A, Experimental setup (see Materials and Methods for details). B–D, Stimulation is via the L5 dorsal root at 100 μA, 100 μs. Bi, A single stimulus produces a DRP that is almost entirely blocked by bicuculline. The remaining potential is TTX-sensitive. Bii, Low-threshold activation is confirmed by measuring the afferent volley produced by this stimulation and its TTX sensitivity. C, Picrotoxin completely blocks DRP after synaptic isolation with mephenesin. D, Similarly, gabazine blocks the DRP after preincubation in mephenesin. E, The DRP requires chemical synaptic transmission. Evoked responses are shown before and after bath exchange to a nominally 0 Ca2+-containing saline. Identical results were seen in another animal after application of the Ca2+ chelator EGTA (100 μm). Left column is a single shock and right column is five pulses at 20 Hz. Traces were low-pass filtered at 300 Hz.

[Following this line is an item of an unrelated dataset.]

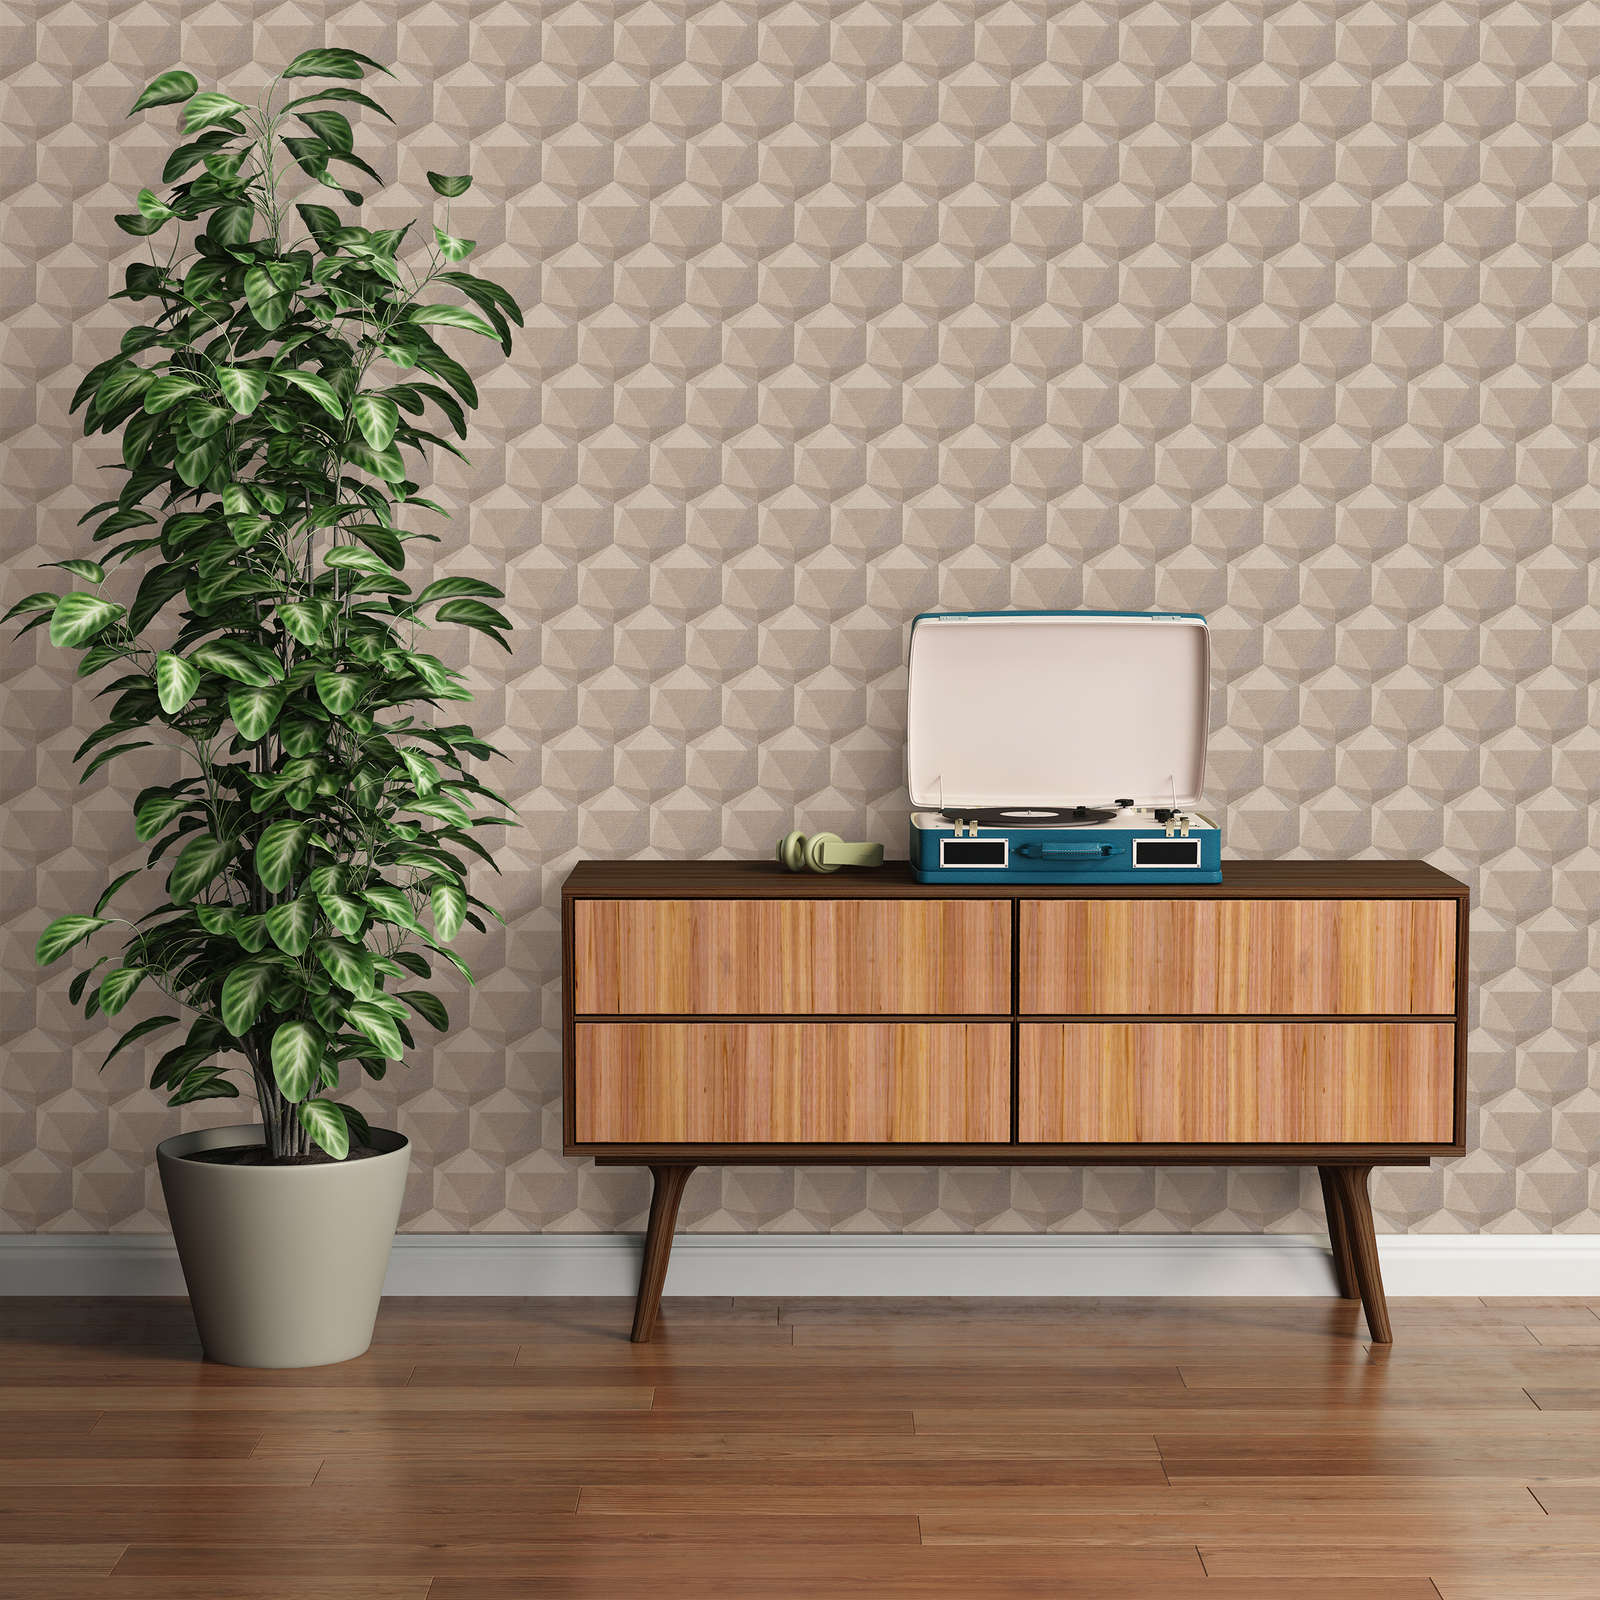             Pattern wallpaper with 3D design & linen look - beige, grey

While it is assumed that PAD is mediated by chemical synaptic transmission, this has not been tested in the mammal and may not apply to all afferent-evoked responses (Vyklický et al., 1976). To demonstrate that chemical synaptic transmission is essential to the DRP generated following stimulation of low-threshold afferents we perfused the cord in a nominally Ca2+-free aCSF (n = 4/4) (Fig. 1E) or by applying the Ca2+ chelator EGTA (n = 2/2). In both the heteronymous L4 dorsal root and the L5 ventral root the depolarizing potentials were completely abolished.
Mephenesin or high divalent cation solution largely restricts transmission to monosynaptic actions
We explored whether PAD can be generated via more direct synaptic actions previously estimated to be minimally trisynaptic. To achieve this, we minimized synaptic transmission with bath applied mephenesin or exchanged the bath to a high divalent cation aCSF. At 10T or 100 μA, 100 μs, neither mephenesin nor high divalent cation solution had a significant depressant effect on the peak amplitude of the DRP produced by fast conducting afferent fibers (95 ± 12% n = 14 and 74.0 ± 14% n = 11, respectively). After restriction of synaptic actions by mephenesin or high divalent cation solution, the remaining DRP was still completely blocked by all GABAA receptor antagonists tested (n = 12) with examples for picrotoxin and gabazine illustrated in Figure 1, C and D.
Extracellular field potentials (EFPs) evoked by afferent nerve stimulation predominantly reflect the population monosynaptic EPSPs of nearby neurons (Baldissera et al., 1981). EFPs were recorded in the deep dorsal horn. As shown in Figure 2, Ai and Aii, stimuli delivered at 10T produced two field potentials corresponding to the two fast conducting low-threshold afferent volleys activated at this stimulation intensity. The afferent volleys and evoked monosynaptic field potentials were unaltered by mephenesin (Fig. 2Ai) and slightly altered by the high divalent cation solution (Fig. 2Aii).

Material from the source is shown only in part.